Obaatanpa Radio Online
INTERNATIONAL

UK Chancellor Kwasi Kwarteng calls out popular UK newspaper for wrongly depicting him as convicted criminal

Britain’s first black Chancellor, Kwasi Kwarteng had recourse to call out Mirror newspaper for depicting him as someone else in a publication on the website of the UK media outlet.

Reporting on the Chancellor’s mini-budget, the newspaper captioned an image of a criminally convicted Goldman Sachs banker, Elias Preko who also has Ghanaian origins as the chancellor.

Reacting to the blunder in a Twitter post, Kwasi Kwarteng who was last month appointed Chancellor of the UK government said “That isn’t me… @DailyMirror.”

His post was accompanied with a screenshot of the publication by Mirror with the wrong image captioned “Kwasi Kwarteng said he had to do ‘something different’ with mini-budget.”

The Mirror about some hours after the Chancellor’s post has reportedly issued a statement describing the situation as a “terrible error.”

“This morning a picture in a story about Kwasi Kwarteng was wrongly captioned on the Mirror website. This was a terrible error and we apologise to Mr Kwarteng and all our readers,” the statement said.

Meanwhile, the action of the Newspaper has prompted concerns of racism. The Chairman of the Hornsey and Wood Green Conservatives, Ben Obese-Jecty is said to have waded into the criticisms.

“Good to see the Daily Mirror kicking off its coverage of Black History Month with this they-all-look-the-same-don’t-they clanger.

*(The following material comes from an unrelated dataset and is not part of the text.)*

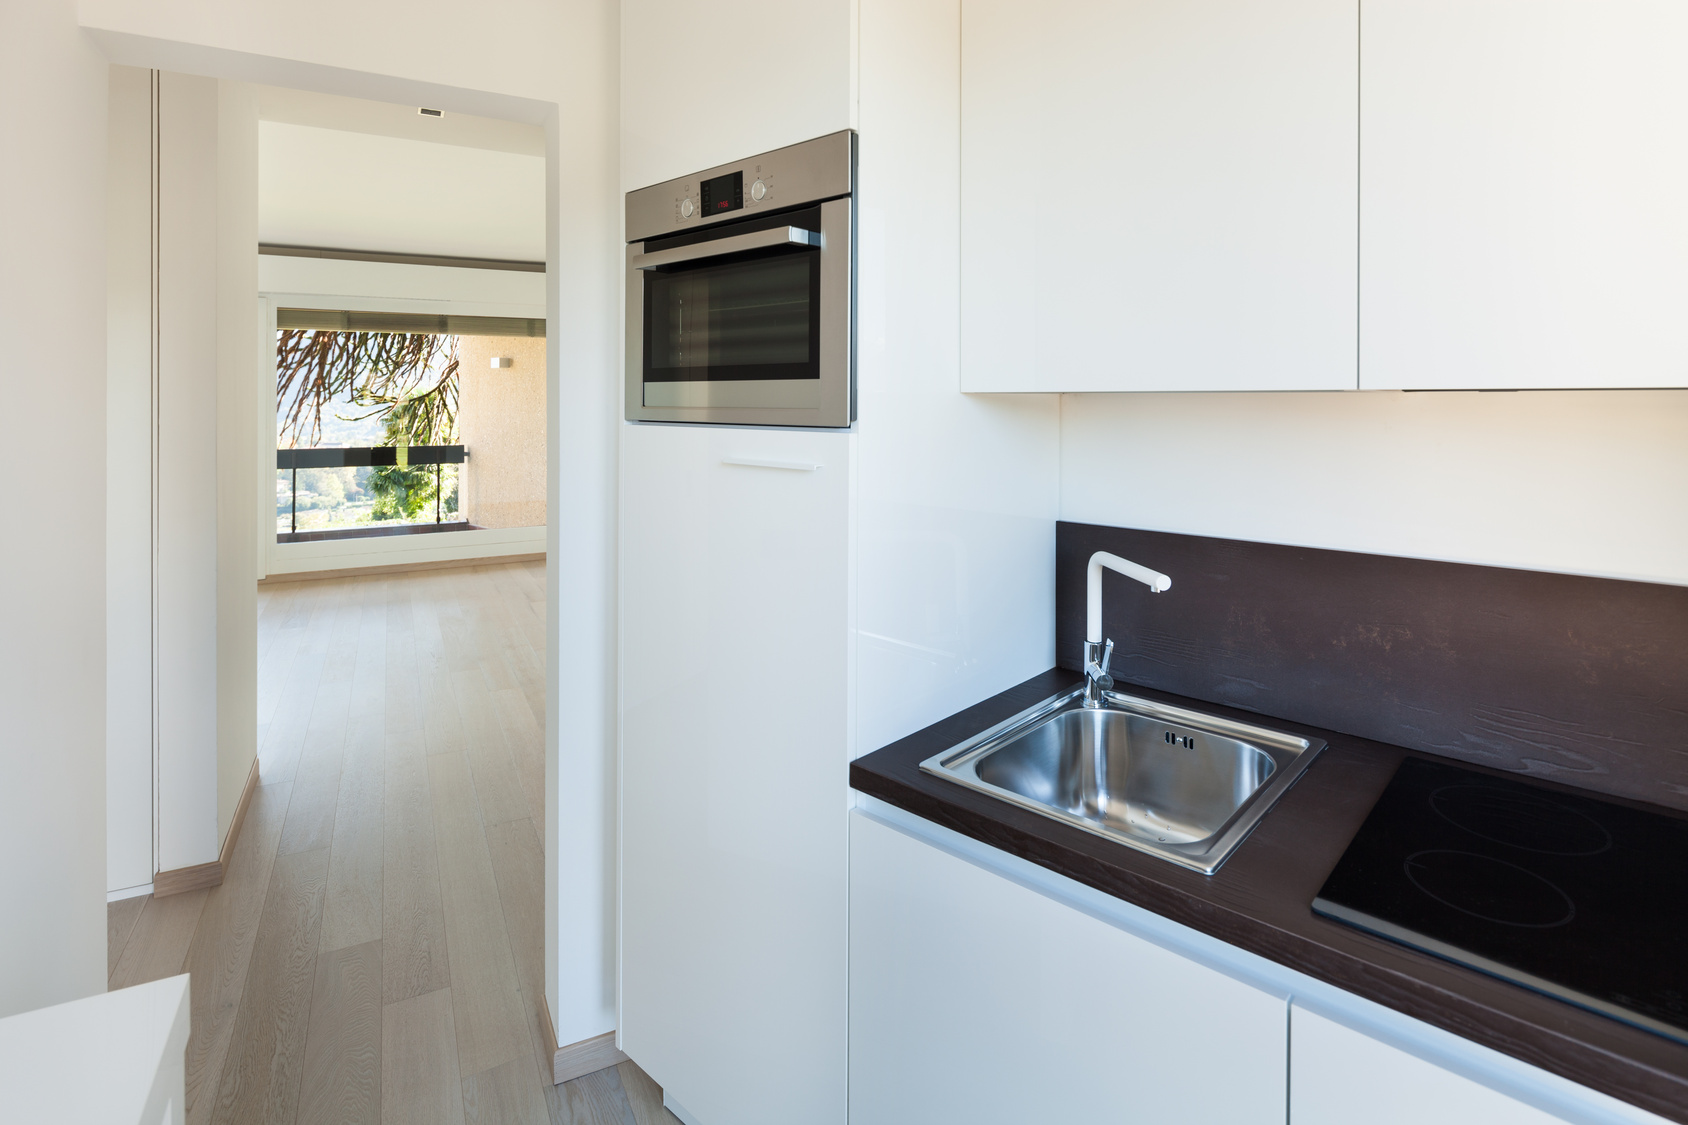 Full Size of Interiors Building, Modern Apartment, Kitchen View Küche Ikea Miniküche

“You’d think, given the coverage he’s received this week, that most people in the press would know what Kwasi Kwarteng looked like …” he is quoted in a report by The Guardian.

Back home in Ghana, the Vice President of IMANI Africa, Bright Simons has questioned whether the incident has any element of cognitive bias behind it.

“Is this an instance of the famous “they all look the same” bias? This is the cognitive bias where people in a dominant race struggle to distinguish people from other, usually minority, races. By the way, Africans struggle to tell Chinese folks apart too,” he stated in a Twitter post.

However, Mirror in its statement reacting to the incident said it “has a long history of working against racism and we will redouble our efforts on this.”